> Instructions to follow: Retype every record exactly. Leave the pictures out.

*** Block opens ***

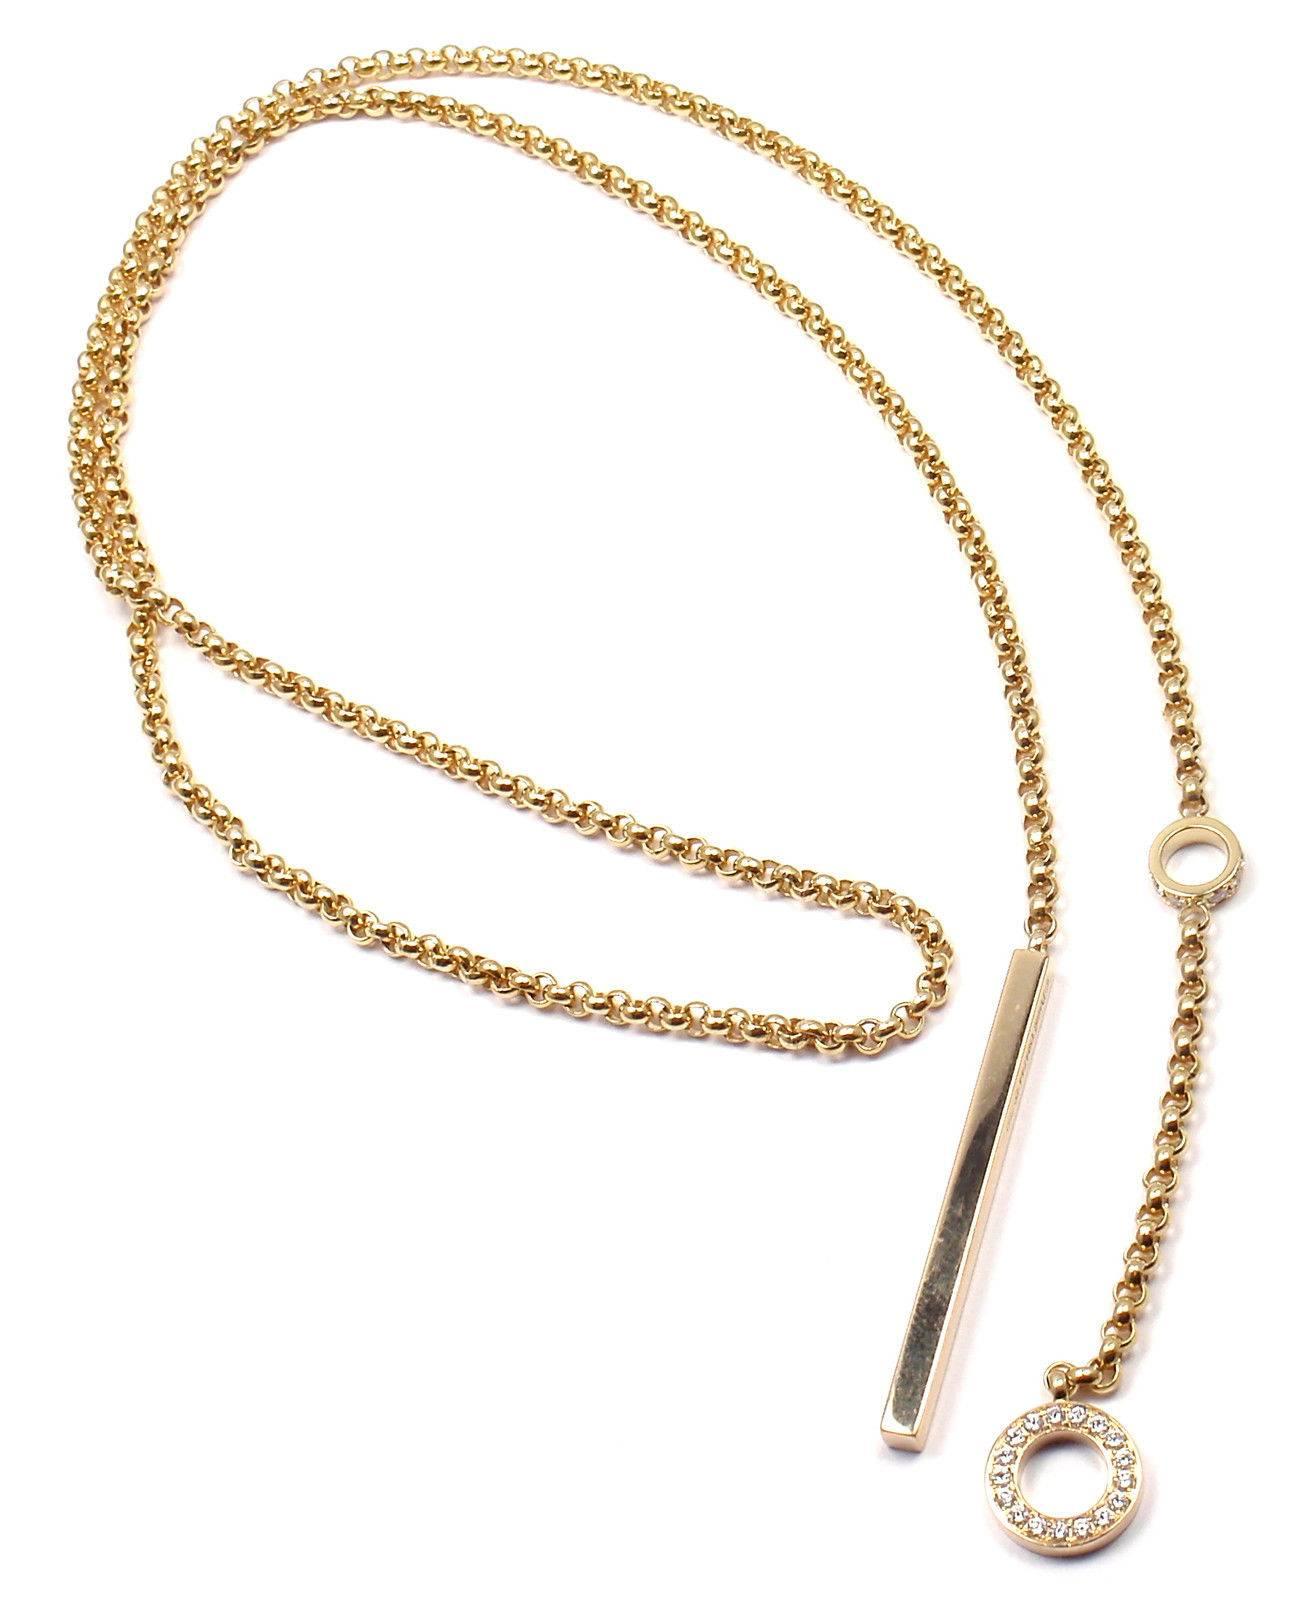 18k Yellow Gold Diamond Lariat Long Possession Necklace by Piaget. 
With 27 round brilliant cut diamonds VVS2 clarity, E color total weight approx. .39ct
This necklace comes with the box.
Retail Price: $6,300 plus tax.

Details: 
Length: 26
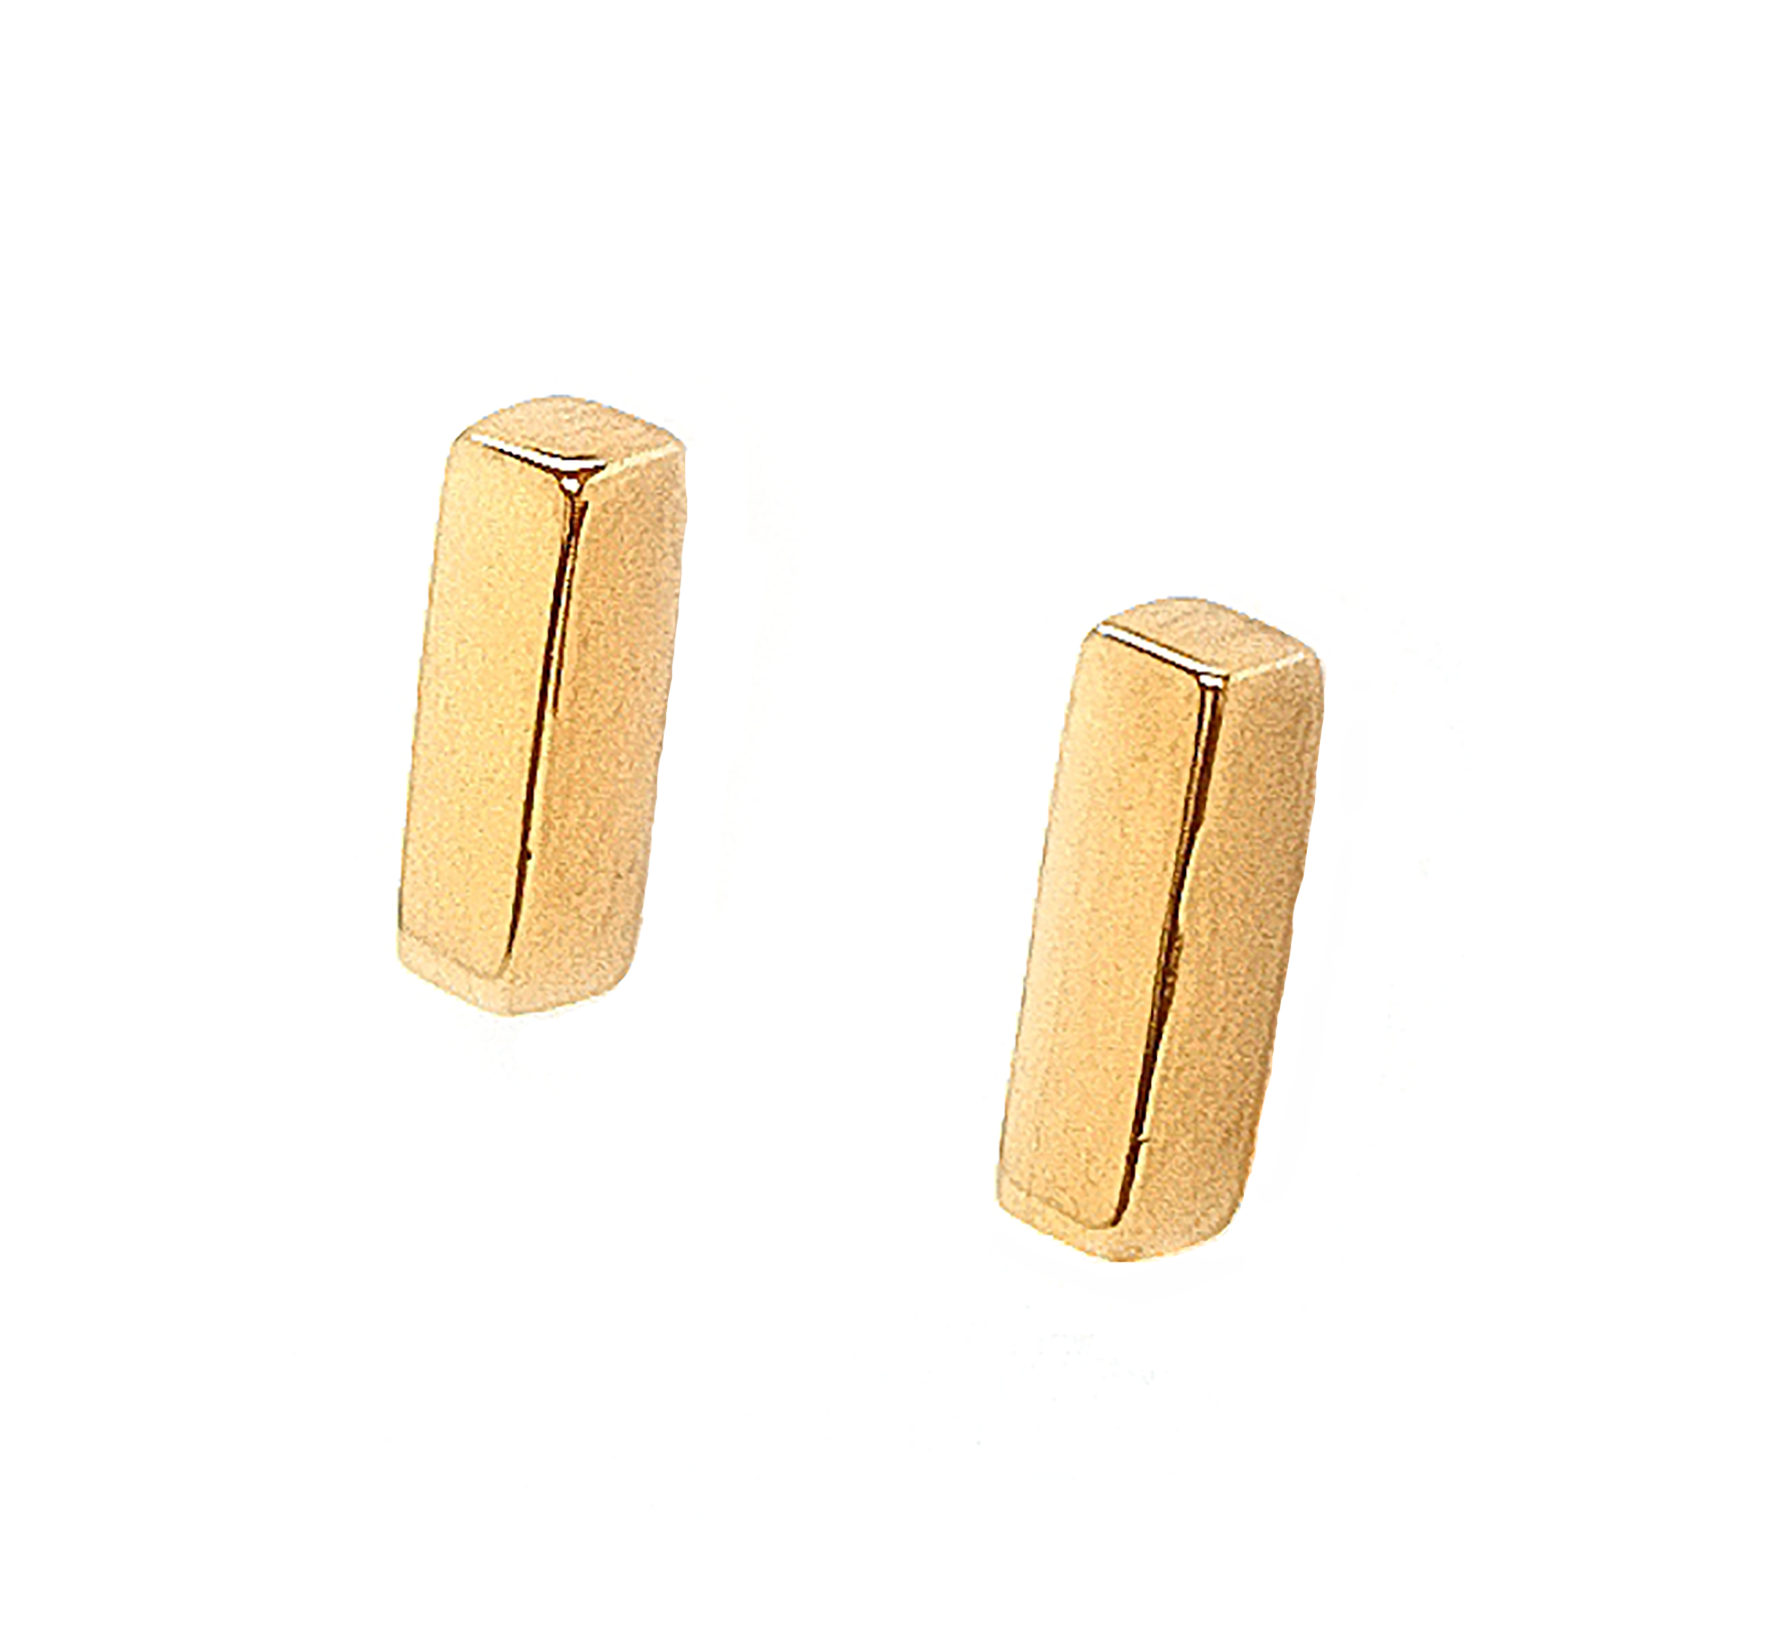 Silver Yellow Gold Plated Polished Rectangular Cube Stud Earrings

*** Block closes ***

> Task result:
 18k Yellow Gold Diamond Lariat Long Possession Necklace by Piaget. 
With 27 round brilliant cut diamonds VVS2 clarity, E color total weight approx. .39ct
This necklace comes with the box.
Retail Price: $6,300 plus tax.

Details: 
Length: 26
 Silver Yellow Gold Plated Polished Rectangular Cube Stud Earrings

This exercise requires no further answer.